The lawsuit was filed by the EEOC on behalf of Chastity Jones, whose job offer was withdrawn by Mobile, Alabama-based Catastrophe Management Solutions. According to the filing, Jeannie Wilson, head of human resources for CMS, commented on Jones` dreadlocks at a private hiring meeting to discuss scheduling conflicts, telling Jones, “You tend to get messy, although I`m not saying yours are, but you know what I`m talking about.” Wilson told Jones that CMS would not hire Jones with dreadlocks and left the job offer. Policies that may seem racially neutral can sometimes have a disproportionate impact on black hair. For example, a policy banning dreadlocks could apply to all employees, but would disproportionately affect Black employees or students. Companies should also educate employees and managers about cultural sensitivity regarding natural hair.
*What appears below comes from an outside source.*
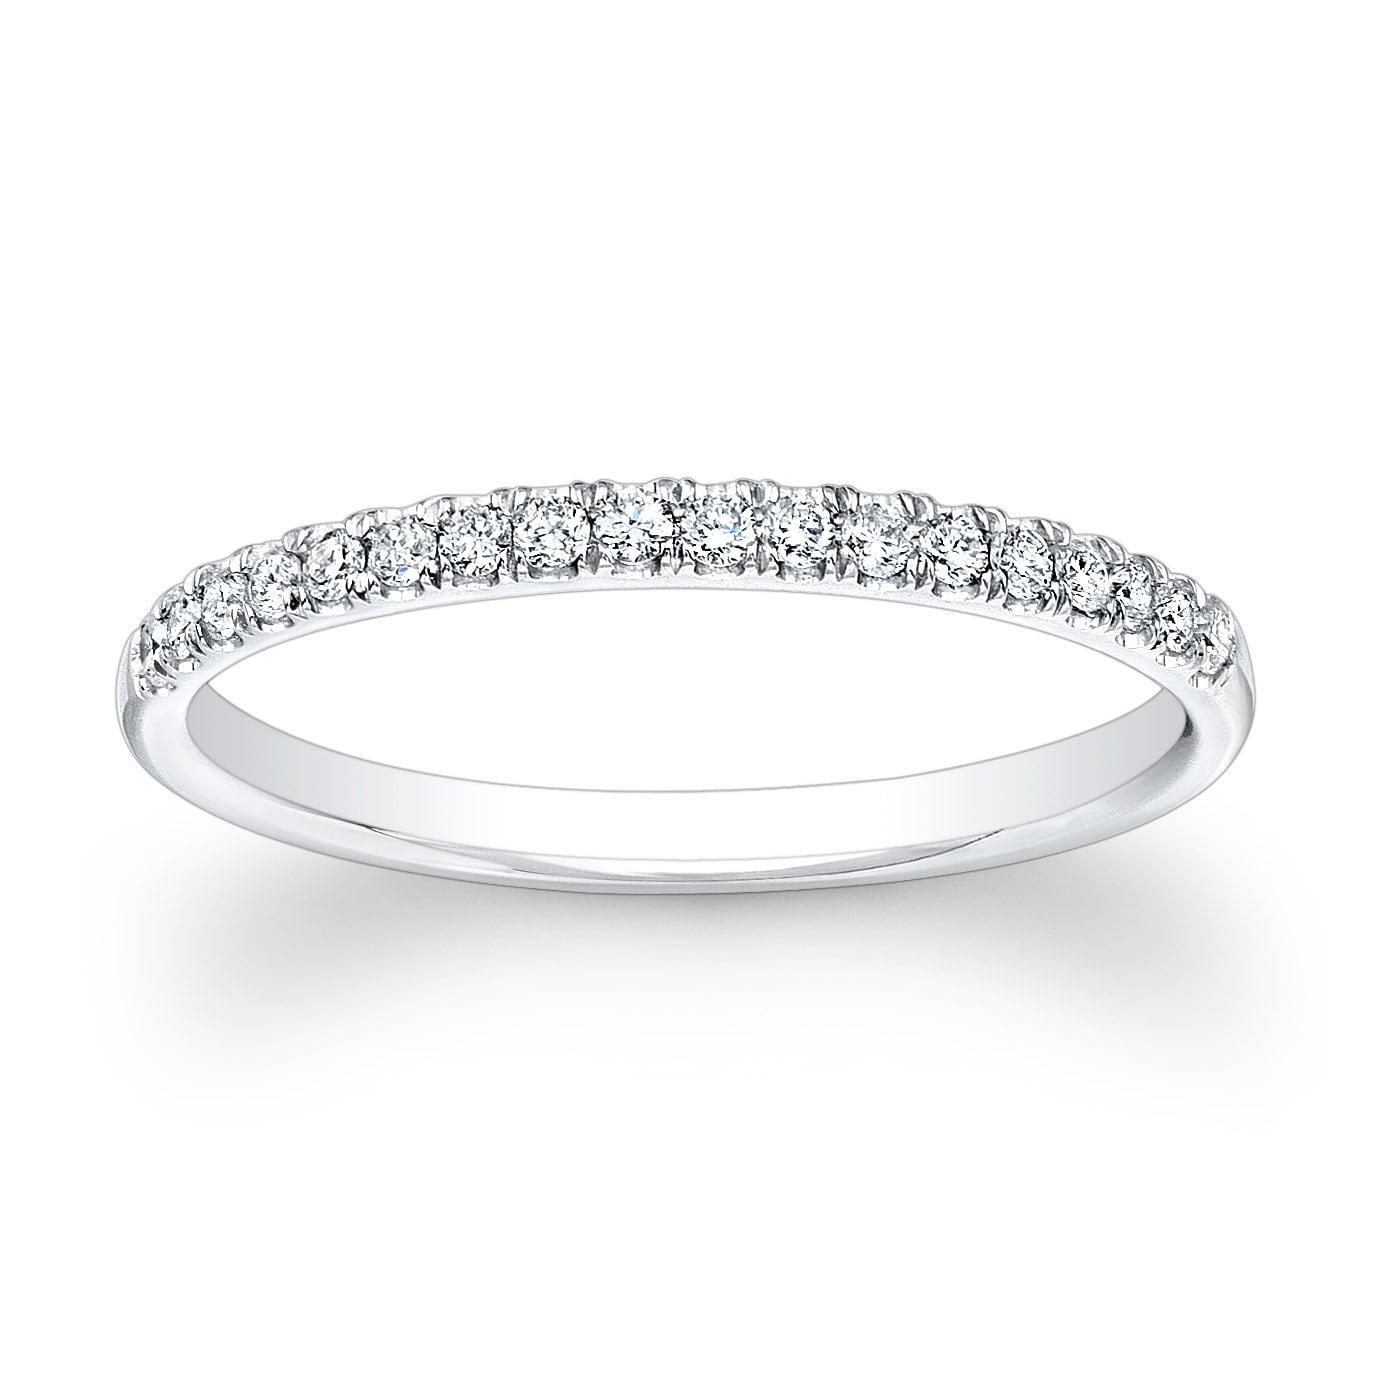 Diamond Wedding Bands.Ladies Platinum And Diamond Wedding Band 0 20 Ctw G Vs2 Quality Diamonds

In its lawsuit, the EEOC claimed it was a violation of the 1964 Title VII Civil Rights Act, arguing that dreadlocks were a “racial characteristic” historically used to stereotype African Americans as “non-team players” and unfit for work. Therefore, the claim that dreadlocks do not fit into a policy of care is based on these stereotypes and is inherently discriminatory, as dreadlocks are a hairstyle “physiologically and culturally” associated with African Americans. Discrimination is not only unjust, but also illegal. Missouri law protects employees who are approved for promotions based on color, gender, nation of origin, religion, age, or disability.